It is usually a good idea to mean center all time-invariant predictor variables.

Consider the following CPM that has one time-invariant predictor variable

𝑦𝑖𝑗 = 𝛽0 + 𝛽1𝑥1𝑖𝑗+ 𝛽2𝑥2𝑖 + 𝑒𝑖𝑗 (Model 2)

where 𝑥2𝑖 is the time-invariant score for participant i. As an example, if 𝑥1 is

baseline centered and 𝑥2𝑖 is the ACT score for participant i then 𝛽0 describes the

predicted y-score at week 1 for participants with an ACT score of 0. This y-intercept

is not meaningful because an ACT score of 0 is impossible. However, if the ACT

scores are mean centered, then 𝛽0 describes the predicted y-score at week 1 for

participants with an average ACT score. If a product of two time-invariant

predictor variables is included in the model to assess an interaction effect, the

time-invariant predictor variables should be mean centered before computing

product variable.

Time-varying predictor variables should be person centered rather than mean

centered. Consider the following CPM that adds a time-varying predictor variable

to Model 1

𝑦𝑖𝑗 = 𝛽0 + 𝛽1𝑥1𝑖𝑗 + 𝛽2𝑥2𝑖𝑗 + 𝑒𝑖𝑗 (Model 3)


7

where 𝑥1 is the time variable and 𝑥2𝑖𝑗 is a time-varying predictor score for

participant i on occasion j. In this model, 𝛽2 describes the slope of the line relating

y to 𝑥2 across all time periods and all participants. If participants have substantially

different 𝑥2 scores, 𝛽2 will be a misleading description of the relation between y

and 𝑥2 within each person. Consider the following scatterplot for two participants

who have substantially different 𝑥2 scores. The two thin lines represent the within-

person slopes and the thick line represents the overall slope that would be

represented by 𝛽2 in Model 3. In this example, the within-person slopes are

positive but 𝛽2 is negative.

. .

.

y *

*

*

0 1 2 3 4 5 6 7 8 9 10

𝑥2

The 𝑥2 scores have been person centered in the following plot and 𝛽2 in Model 3

now describes the within-person slopes.

. .

.

y *

*

*

-5 -4 -3 -2 -1 0 1 2 3 4 5

𝑥2


8

When a time-varying predictor variable (𝑥2) has been person centered, the slope

coefficient for 𝑥2 describes the within-person relation between y and 𝑥2. Some of

the variability in y can usually be predicted by between-person differences in 𝑥2,

but these between-person differences are lost when 𝑥2 is person centered. This lost

information can be recovered by simply adding another predictor variable to the

model that represents the mean time-varying predictor score for each participant

as shown below in Model 4

𝑦𝑖𝑗 = 𝛽0 + 𝛽1𝑥1𝑖𝑗 + 𝛽2𝑥2𝑖𝑗 + 𝛽3𝑥3𝑖 + 𝑒𝑖𝑗 (Model 4)

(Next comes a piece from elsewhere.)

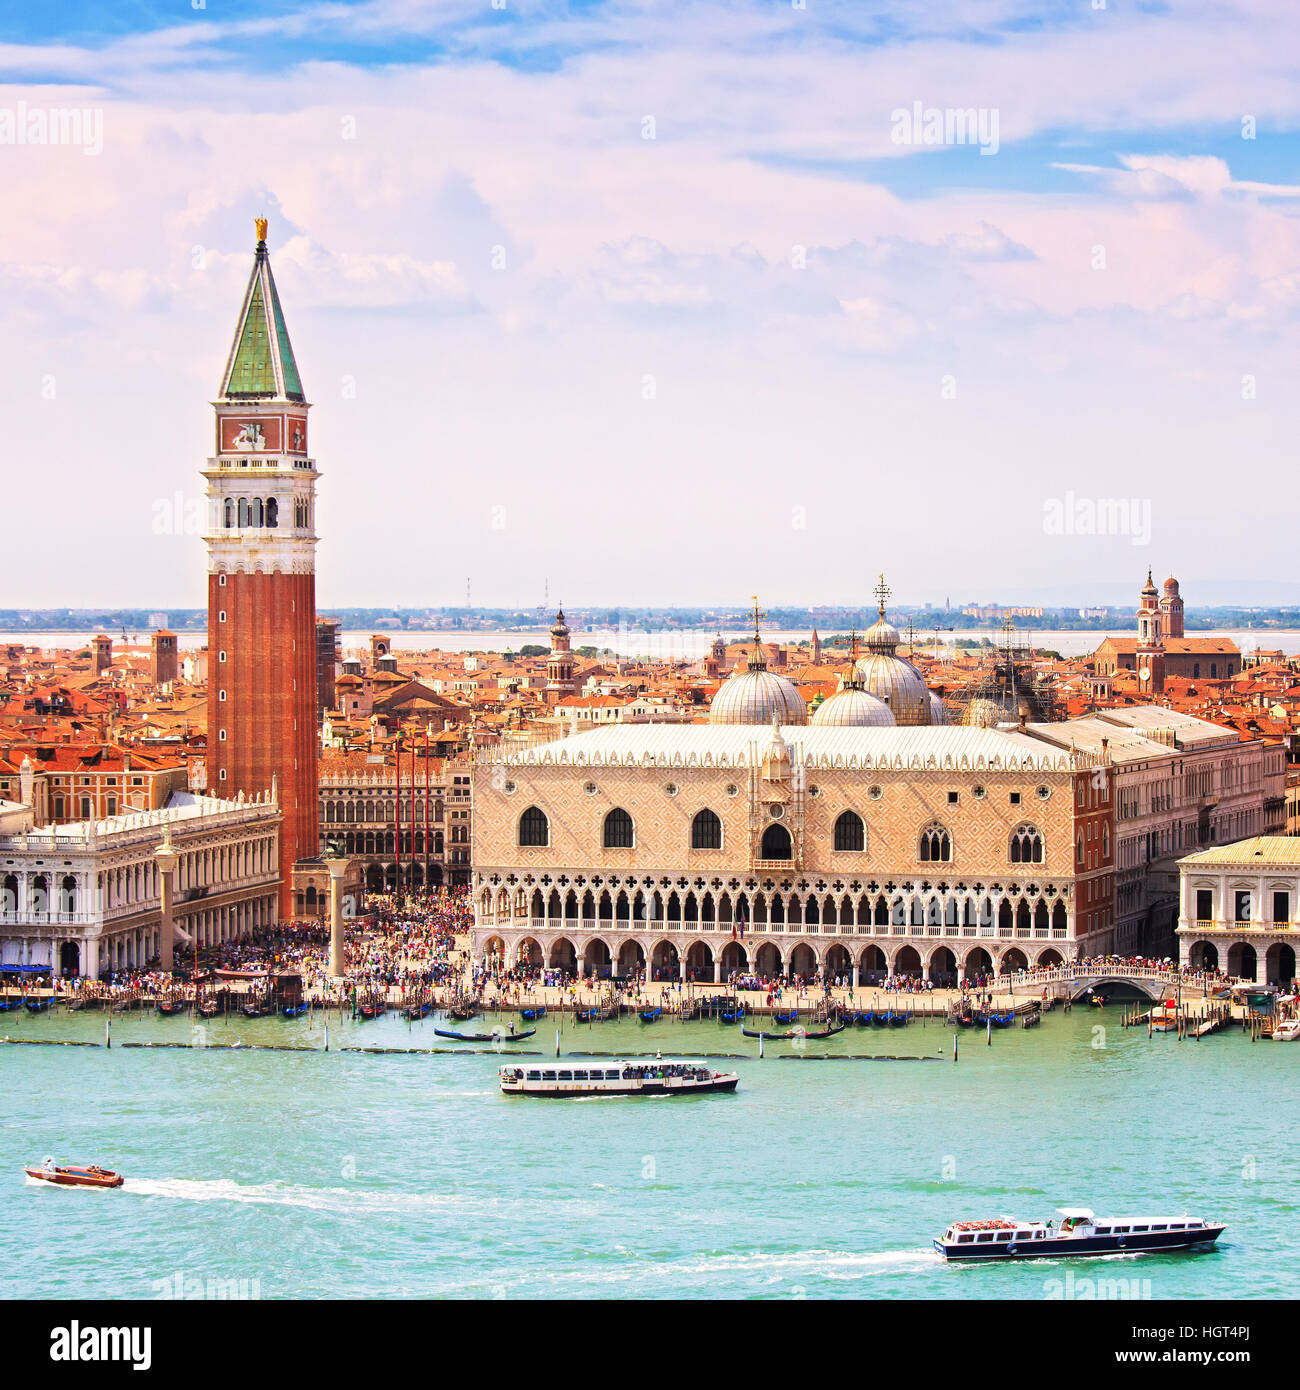 Vue de Venise, vue aérienne de la Piazza San Marco ou Place St Marc, Le Campanile et le Palais des Doges ou Ducale. L'Italie, l'Europe. Banque D'Images

where 𝑥2𝑖𝑗 is the person-centered time-varying predictor variable score for

participant i on occasion j and 𝑥3𝑖 is the mean time-varying predictor score for

participant i. Note that 𝑥3 is a time-invariant predictor variable. In Model 4, 𝛽2

describes the slope of the line relating y to 𝑥1 across time and within persons and

𝛽3 describes the slope of the line relating y to 𝑥2 across persons.

To illustrate the computation of 𝑥2 and 𝑥3 in Model 4, considered the following

hypothetical data for the first two participants where 𝑥1 is the time variable

(baseline centered) and 𝑥2 is a time-varying predictor variable. Participant 1 was

measured on three occasions and participant 2 was measured on four occasions.

Participant y x1 x2

1 15 0 7

1 19 1 9

1 22 2 11

2 23 0 16

2 27 1 19

2 34 2 25

2 35 3 28

The mean of the 𝑥2 scores for participant 1 is (7 + 9 + 11)/3 = 9 and the mean of the

𝑥2 scores for participant 2 is (16 + 19 + 25 + 28)/4 = 22. Subtract 9 from the 𝑥2 scores

for participant 1 and subtract 22 from the 𝑥2 scores for participant 2. The person

centered 𝑥2 scores are given below along with a new time-invariant variable (𝑥3)

that has the person means of 𝑥2.

Participant y x1 x2 x3

1 15 0 -2 9

1 19 1 0 9

1 22 2 2 9

2 23 0 -6 22

2 27 1 -3 22

2 34 2 3 22

2 35 3 6 22


9

Wide and Long Data Formats

To analyze a CPM, the data need to be in a "long format" rather than a "wide

format". All of the within-subjects methods described in PSYC 204 required the

data to be in a wide format. To illustrate the difference between these two types of

data formats, consider a study with n = 4 participants who are each measured on

three occasions. Hypothetical data for a wide format is shown below.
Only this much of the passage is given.